Roger Craig used Polar to Win Jeopardy.

Polar has been rapidly adopted by alpha-geeks to combat information overload and looks like we’ve found another convert - this time Roger Craig who used it to win $77k on Jeopardy.

He’s a machine learning, data science, and AI practitioner who combined his computer skills and an interest in quiz games into something extraordinarily unique:

He won more than half a million dollars on Jeopardy!, including a whopping $77,000 in a single day.

He did this not just with raw intelligence, but by creating a system to help him fashion himself into a game-show superstar.

Roger and I have similar backgrounds - both machine learning and big data and it looks like we arrived at the same general strategy for managing knowledge. Specifically, use tools like natural language parsing (NLP), clustering, and spaced repetition to force material to be stored in your brain long term with high retention.

How Roger uses Polar and Anki

The next tool I use is called Polarized. A lot of the information I consume is in technical published papers, which are in PDFs, and Polarized helps with that.

It takes in PDFs and web pages, and allows you to highlight and annotate them. You can also export them, so you can turn the annotations into Anki cards.

So basically every paper that is of interest to me, I save it into one big directory, and then Polarized goes in and ingests all of the papers and makes them available for me to read and annotate.

What Roger did here was basically take his background in ML and built a set of tools to manage his learning.

I basically did the same thing when I first started working on Polar but I realized that this tool needs to be democratized.

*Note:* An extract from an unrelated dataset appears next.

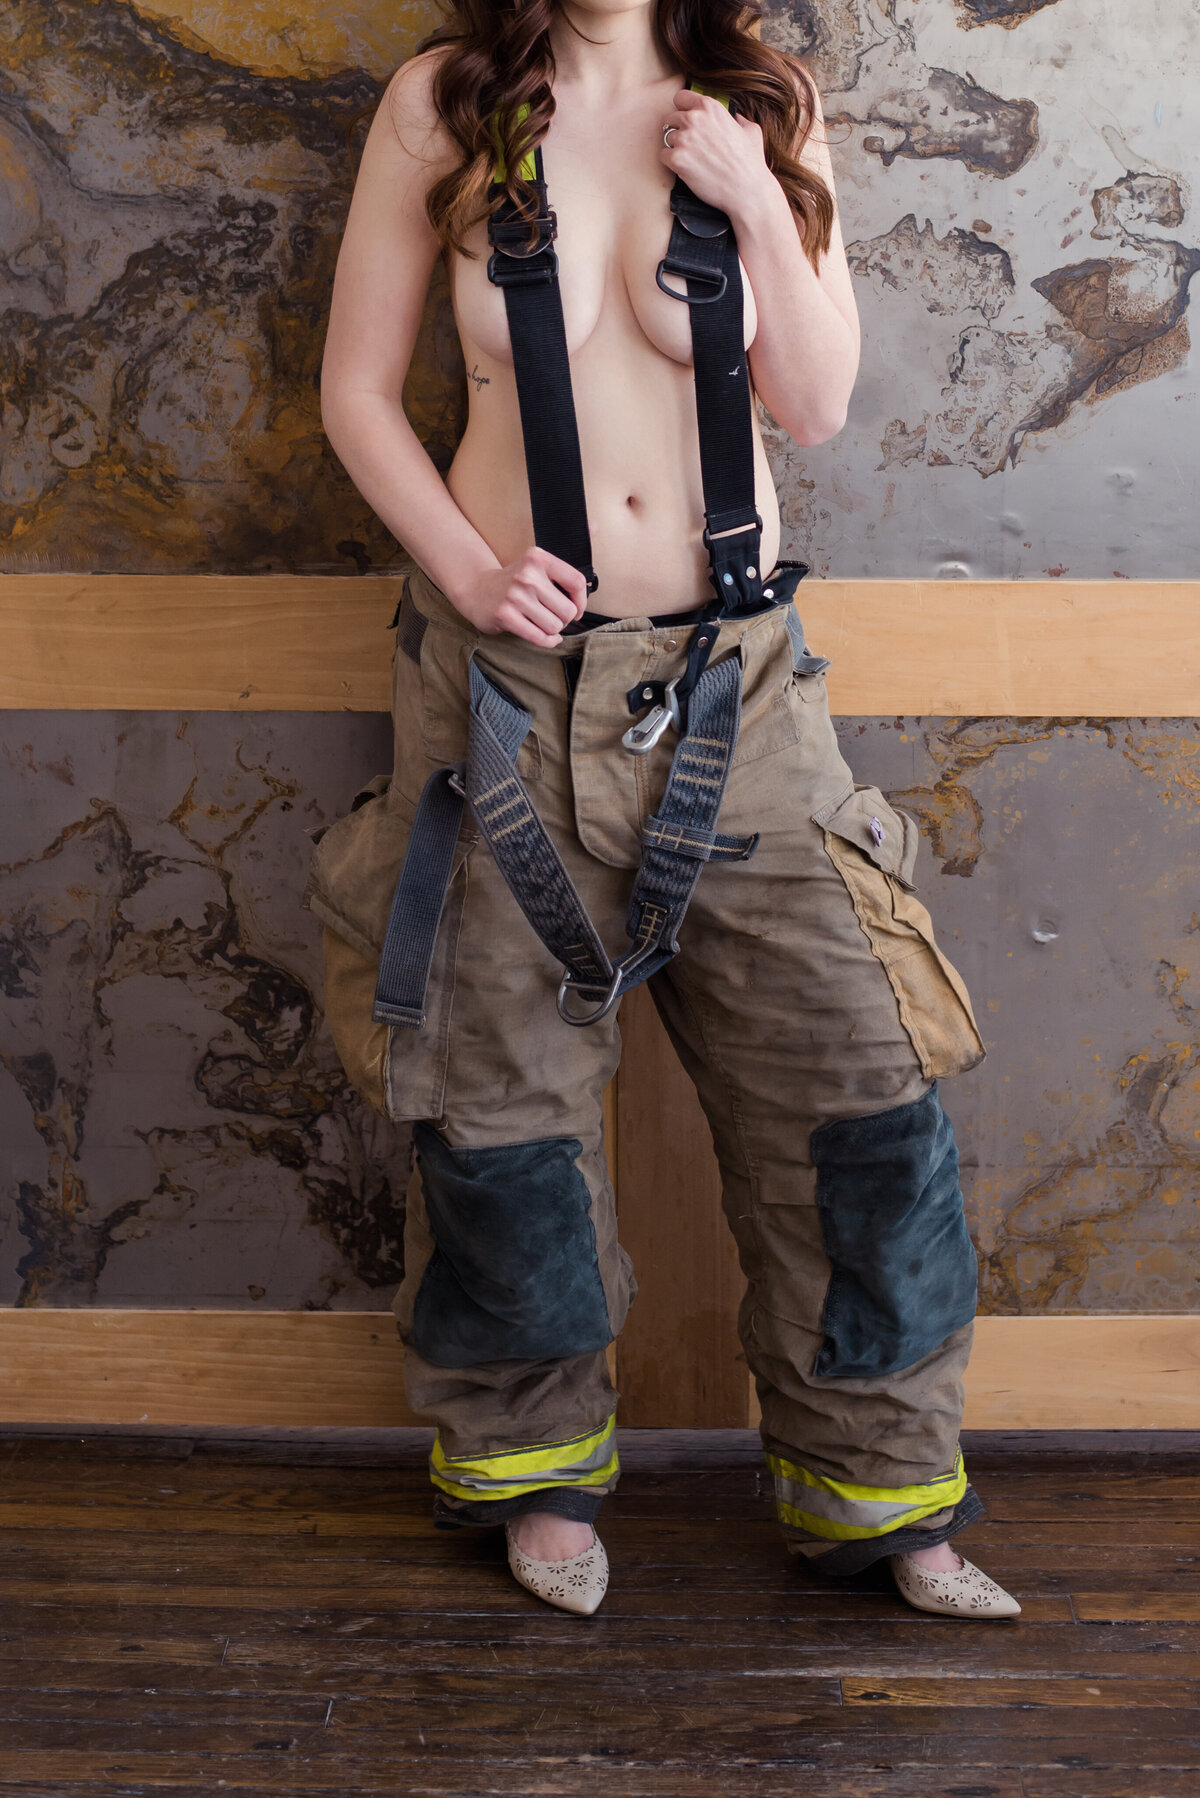 Firefighter boudoir photos Dallas TX

We’re going to be building in more cloud learning and big data capabilities in Polar in the next few months including support for full-text search, clustering, auto-tagging, etc.

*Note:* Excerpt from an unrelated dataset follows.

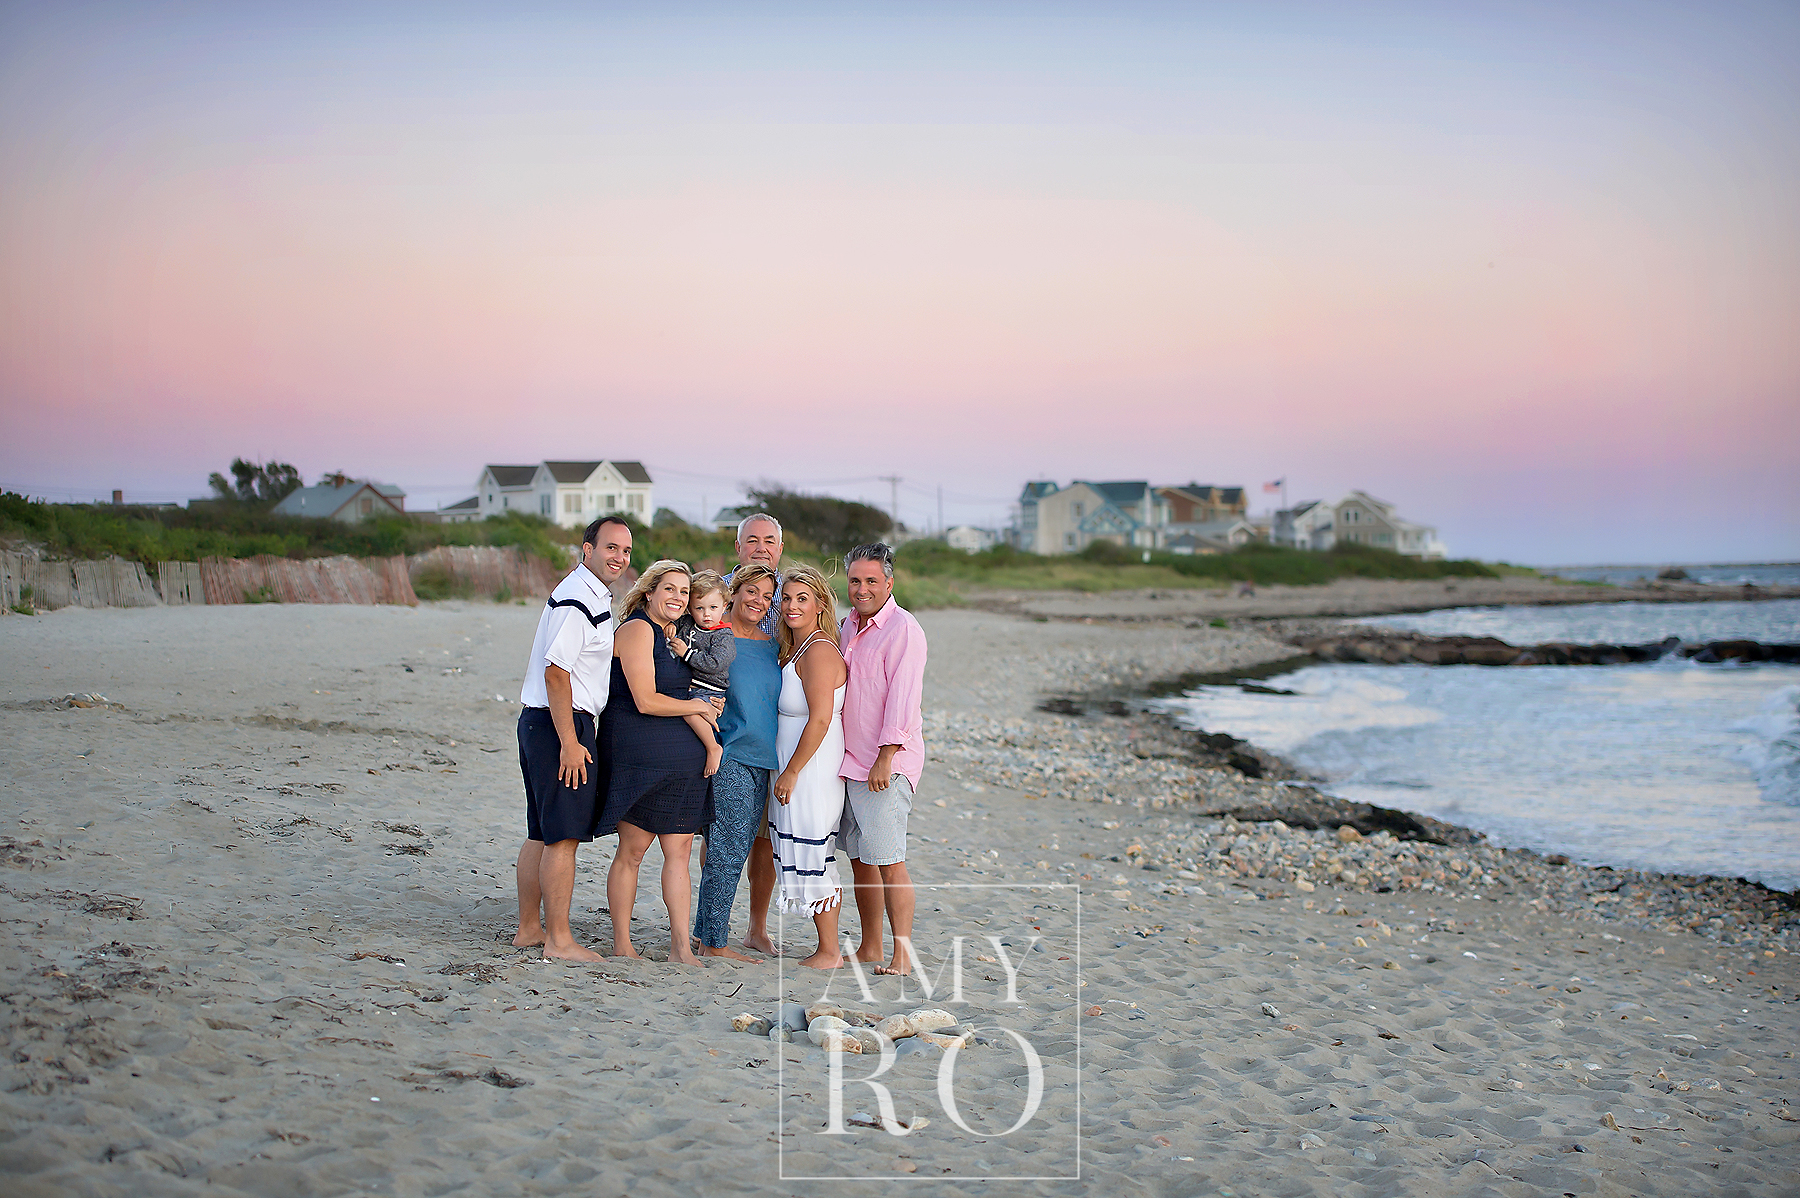 Family portrait taken in Narragansett on the beach

The entire point of Polar is that we’re trying to democratize this technology and make it usable to the average person.

As an aside, it’s been really interesting to see who’s been using Polar. Lots of PhD students, VCs, researchers, academics, scientists, etc. Very exciting to see such amazingly smart people using the product.

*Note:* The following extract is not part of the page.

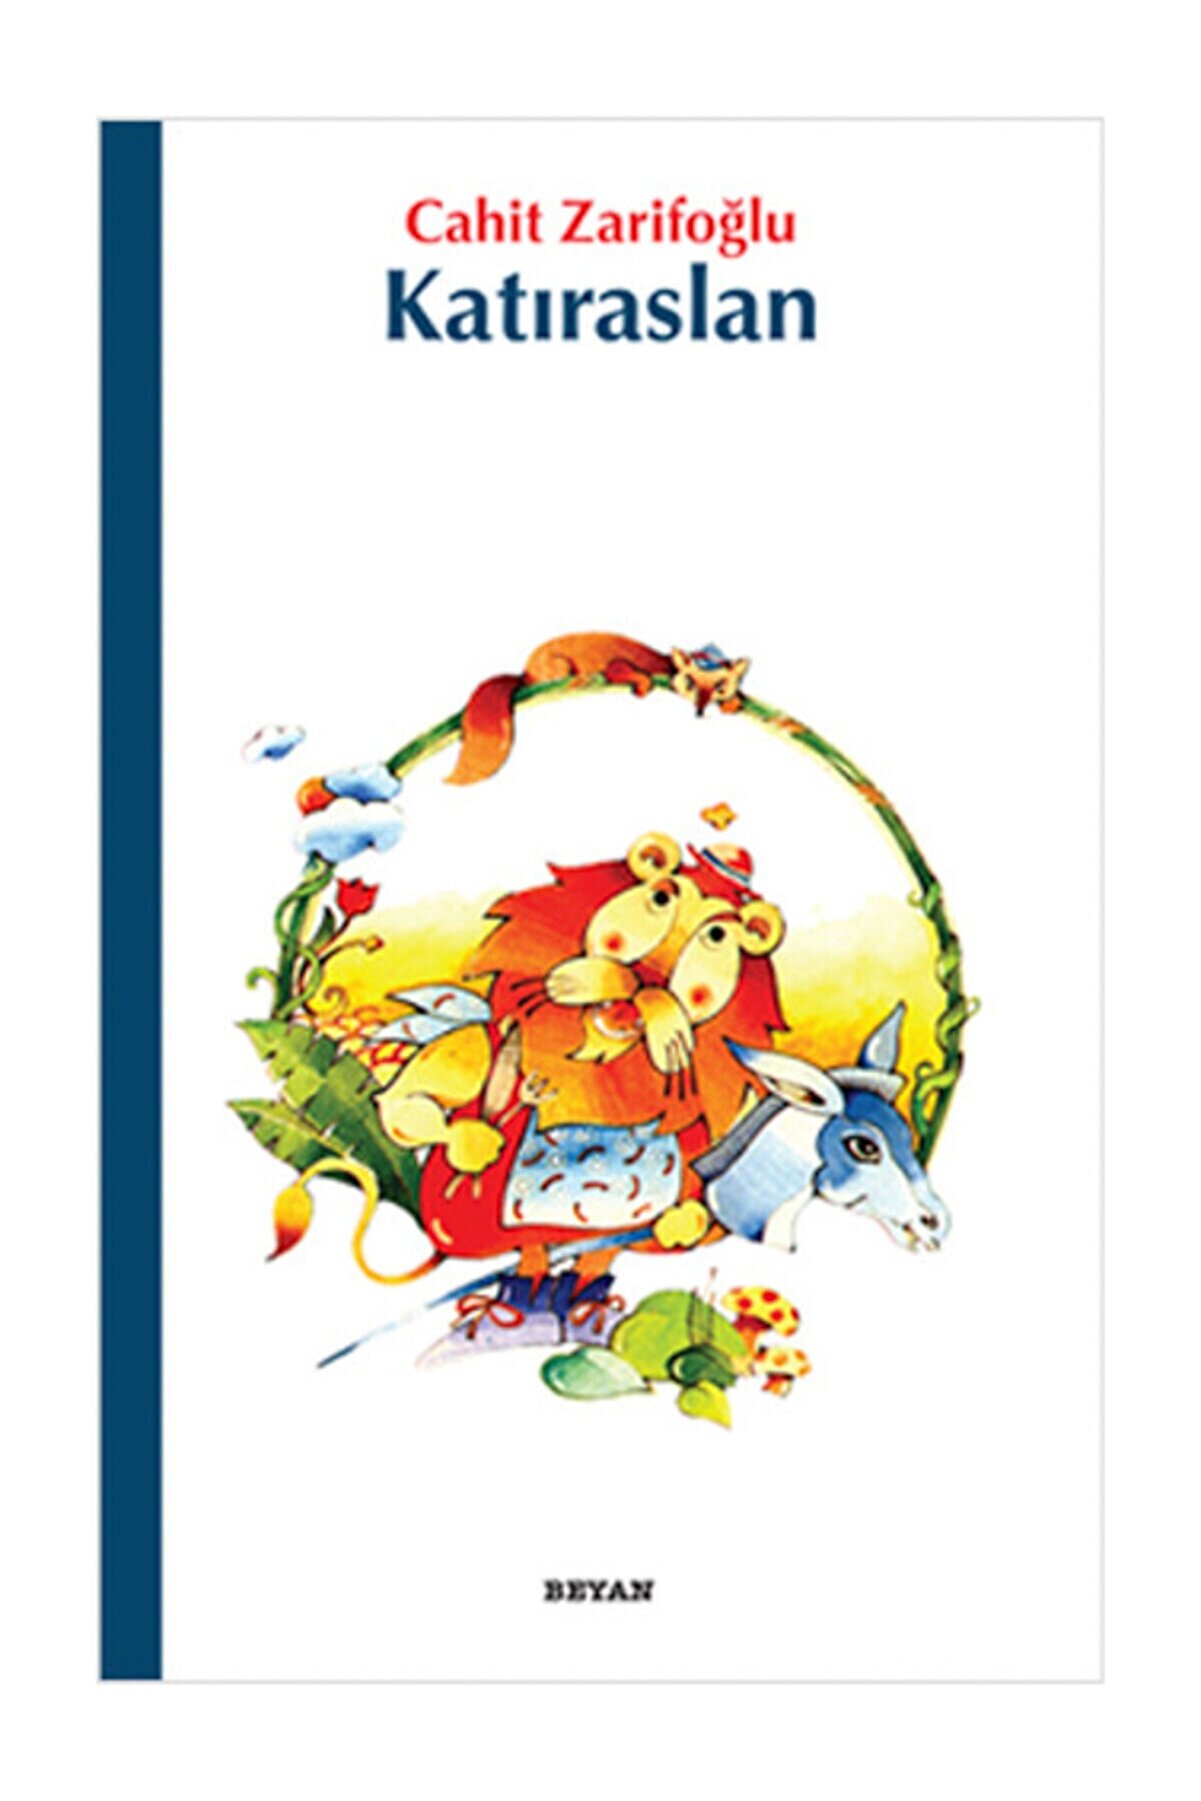 Beyan Yayınları Gülücük Çocuk Kitapları 03 Katıraslan Beyan Yayınları / - Cahit Zarifoğlu

Flashcards and Spaced Repetition

The key benefit Polar provides is a fully integrated environment for reading and managing flashcards. You can work directly with PDF and web content, annotate it, create flashcards from your annotations, and then sync the flashcards directly to Anki.

What’s nice about this is that not only do you have a high quality index of all your notes and highlights but this data is sync’d with Anki.

Machine Learning and Spaced Repetition

UPDATED I managed to schedule some time to talk to Roger about his use of Polar and Anki on Jeopardy.

We both come from similar backgrounds so it was nice to compare notes about NLP and machine learning and how it can apply to optimized learning.

He first competed in Jeopardy in 2010 and NLP (and machine learning) has come a long way since them.

Back then, NLP technology was available but just VERY expensive. Now it’s essentially commodity and dirt cheap.

The NLP frameworks in Python can be used for free meaning if you’re an alpha-geek you can build something pretty straight froward by putting together a few scripts.

What we’re trying to do in Polar is democratize a lot of this technology and make it “just work” right out of the box.

I talked to Roger about using NLP and machine to automatically build flashcards from textbooks. There’s still a lot of active research in this area with question and answer generation from text corpora.

There might be some low hanging fruit by parsing text the user is reading and finding the first named entities mentioned and building flashcards directly from those first sentences.

Sentence boundary detection and NLP can be used to take a textbook and allow the user to easily generate flashcards with one click.

This is something I’m working on improving in future versions of Polar but first we have to improve usability.

We’re going to keep comparing notes and try to sync up again in another few weeks. There’s definitely a lot of potential for using machine learning to improve the efficiency of education.